518.     The Committee is concerned by the government bill in which it would be stated, contrary to a judicial decision, that ratification of human rights treaties does not create legitimate expectations that government officials will use their discretion in a manner that is consistent with those treaties.


519.     The Committee considers that enactment of such a bill would be incompatible with the State party's obligations under article 2 of the Covenant and it urges the Government to withdraw the bill.


520.     The Committee is concerned over the approach of the State party to the Committee's Views in Communication No. 560/1993 (A. v. Australia). Rejecting the Committee's interpretation of the Covenant when it does not correspond with the interpretation presented by the State party in its submissions to the Committee undermines the State party's recognition of the Committee's competence under the Optional Protocol to consider communications.


521.     The Committee recommends that the State party reconsider its interpretation with a view to achieving full implementation of the Committee's Views.


522.     Legislation regarding mandatory imprisonment in Western Australia and the Northern Territory, which leads in many cases to imposition of punishments that are disproportionate to the seriousness of the crimes committed and would seem to be inconsistent with the strategies adopted by the State party to reduce the over-representation of indigenous persons in the criminal justice system, raises serious issues of compliance with various articles of the Covenant.


523.     The State party is urged to reassess the legislation regarding mandatory imprisonment so as to ensure that all Covenant rights are respected.


524.     The Committee notes the recent review within Parliament of the State party's refugee and humanitarian immigration policies and that the Minister for Immigration and Multicultural Affairs has issued guidelines for referral to him of cases in which questions regarding the State party's compliance with the Covenant may arise.

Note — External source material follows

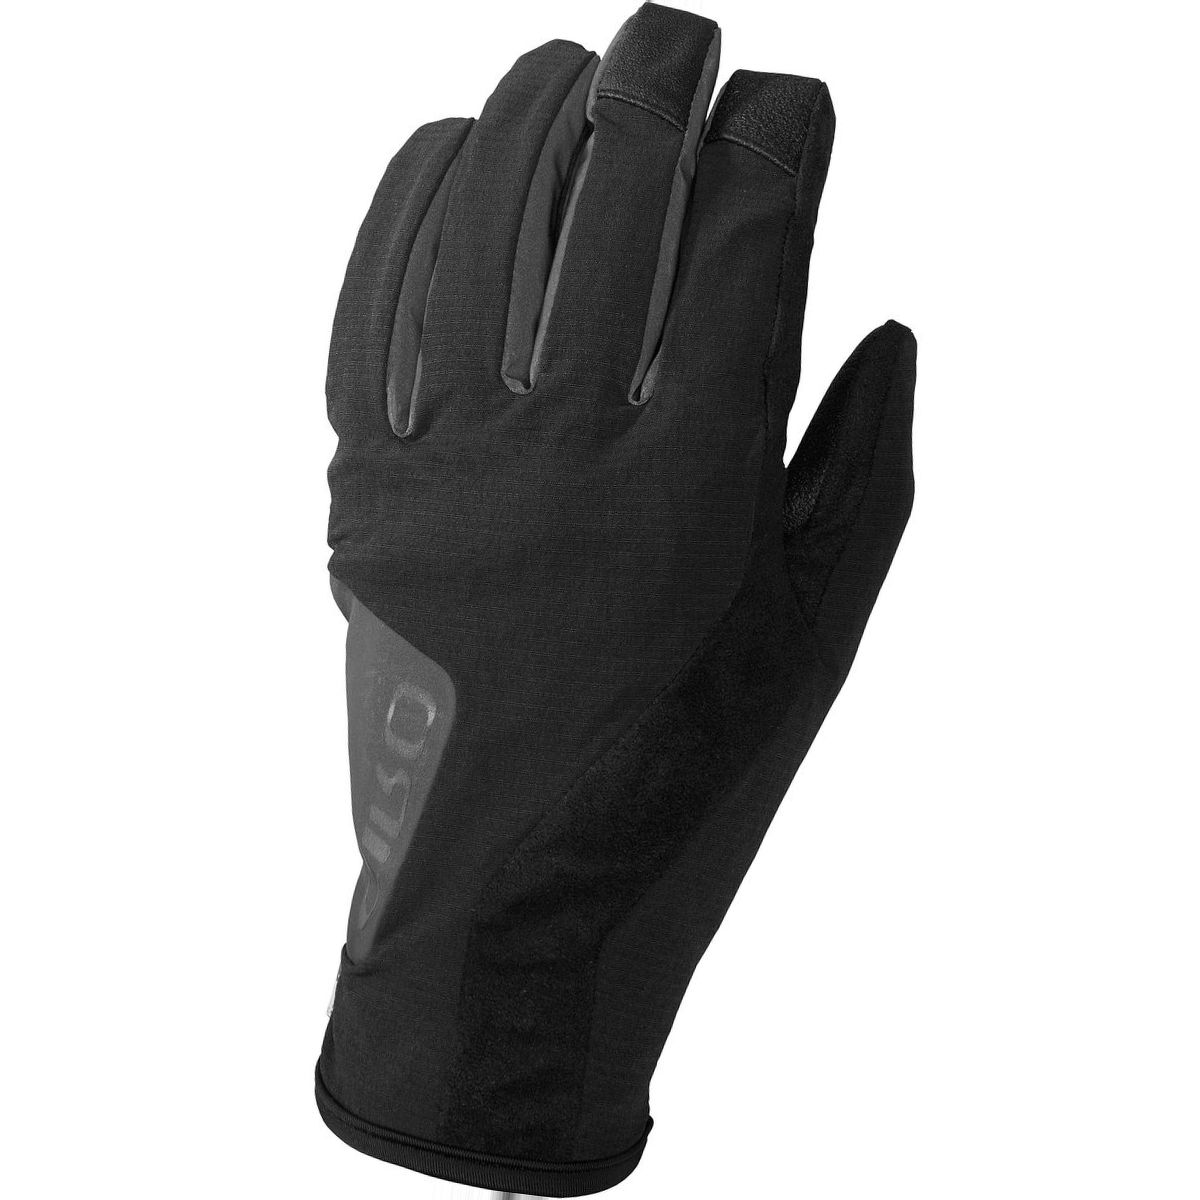 Giro Pivot II Glove - Men's

525.     The Committee is of the opinion that the duty to comply with Covenant obligations should be secured in domestic law. It recommends that persons who claim that their rights have been violated should have an effective remedy under that law.


526.     The Committee considers that the mandatory detention under the Migration Act of "unlawful non-citizens", including asylum-seekers, raises questions of compliance with article 9, paragraph 1, of the Covenant, which provides that no person shall be subjected to arbitrary detention. The Committee is concerned at the State party's policy, in this context of mandatory detention, of not informing the detainees of their right to seek legal advice and of not allowing access of non-governmental human rights organizations to the detainees in order to inform them of this right.


527.     The Committee urges the State party to reconsider its policy of mandatory detention of "unlawful non-citizens" with a view to instituting alternative mechanisms of maintaining an orderly immigration process. The Committee recommends that the State party inform all detainees of their legal rights, including their right to seek legal counsel.


4. Dissemination of information about the Covenant (art. 2)


528.     The Committee requests the fifth periodic report to be submitted by 31 July 2005. It requests that the present concluding observations and the next periodic report be widely disseminated among the public, including civil society and non-governmental organizations operating in the State party.